Your child might be a sleeping angel; going to bed when it’s bedtime, falling asleep soon after and actually staying asleep until morning. On the other hand, they could be… let’s just say, a little more difficult when it comes to sleepytime!
You might have a lot of trouble getting them to bed in the first place. Or they could bound out of bed every 5 minutes, asking for a glass of water, or a bedtime story, or for you to get rid of the monsters from the closet. Half the time, of course, it’s all just a clever ruse to stay out of bed!
Whatever age we are, we all need our sleep. Why? Well, because staying well rested makes us healthier, happier, kinder, more creative and more productive people. Whereas sleep deprivation can lead to us being irritable and lethargic in the short-term, while in the long-term can lead to all manners of physical and mental illnesses. So if you want your children to grow up within the former category, it pays to teach them better sleep habits at an early stage.
Here’s a few ways in which you can encourage healthy sleep habits in your child:
Create a cosy atmosphere
It’s all about the detail. By making your child’s bedroom a ‘sleep sanctuary’, they’ll be more likely to retreat into it when the time comes. Decorate it with muted, relaxing colours, a soft bed cover and a few cuddly toys and their bedroom will be somewhere they welcome returning to! Keep the lighting soft in the evenings with a bedside lamp. (Actually, this goes for the rest of the house too; the gentler the lighting, the better!) Finally, remember to tuck any non-cuddly toys of our view… so your little one won’t be tempted to crawl out of bed and play!
When they grow up, your kids might ditch the cuddly toys… or maybe they won’t! But still they’ll remember to keep their bedroom as a relaxing, soothing environment; not to be used as an office, a gym or an entertainment centre, but a place to sleep soundly every night.
Get them into a routine
If you’ve managed to get your kids brushing their teeth before bed, well, that’s the hardest part over! But still, there are more elements involved in an evening routine that you can employ to a) alert your kids to the fact that bedtime is approaching and b) help them settle down.
Start by setting a clear bedtime, and stick to it. If they go to bed 15 minutes later than usual one night, well they’ll be very indignant if they can’t get away with it the next night! Consistency is key; so don’t budge from your bedtime if you can.

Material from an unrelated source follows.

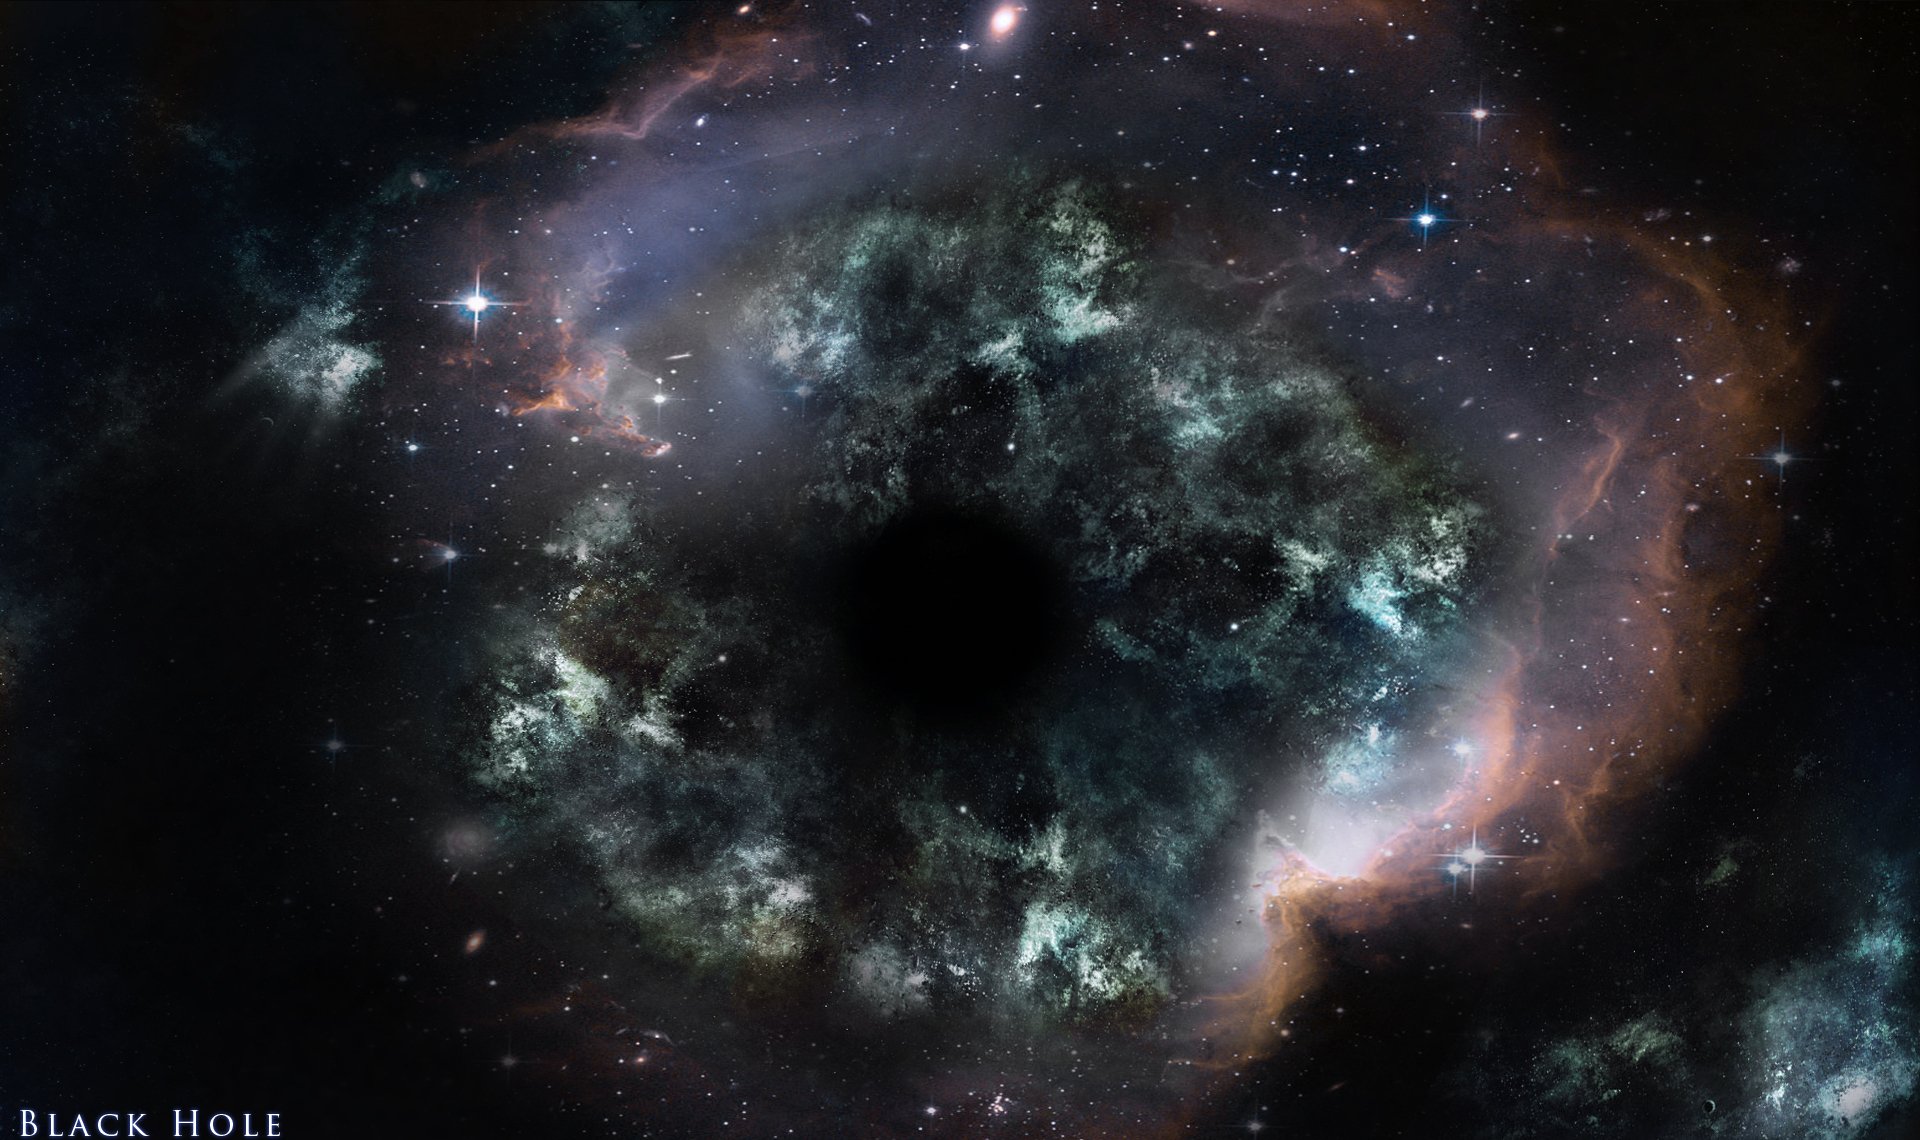 blackhole gloryhole streach

Around an hour before this bedtime, bring your child upstairs, give them a bath and change them into their pjs. I used to let my little girl come back downstairs at this point and watch TV with us for half an hour; but then I noticed that she’d become more alert again and harder to settle (more on that soon). Now, after the pjs part, I read her a bedtime story with some relaxing music in the background. Or her Daddy loves telling stories, too!
The thing to remember is, use this hour to help your little ones wind down before bedtime every night. Then when they go into that cosy bedroom environment, they’ll already be on the path to a sounder sleep.
This sleep habit is particularly useful as your kids grow up. Long into adulthood, they’ll know the importance of establishing an evening routine, and will sleep better as a result. For more tips and tricks around this routine, or anything sleep-related, have a look at the The Sleep Advisor’s site.
Keep the screens off before bed
This is a very important habit to instil in your children early on; in fact, it’s one you may need to adopt yourself! Because our TVs, laptops, tablets and smartphone emit what’s known as blue light. This light keeps our minds alert and overstimulated; hence my trouble in getting my daughter to bed after watching TV with us. The screens of these devices actually block melatonin production in the body, too – on which we normally rely to keep us calm and relaxed.
So to help your child get to sleep sooner, turn off those screens an hour before bedtime. Set an example for them to follow and this is a very healthy sleep habit they can bring into adulthood.
With these 3 tricks – creating a calming bedroom environment, setting an evening routine and switching off devices early – your child can start to enjoy a deeper, undisturbed sleep. And they can remember these habits once they’re all grown up and responsible for setting their own bedtimes; thanks to the example you’ve set.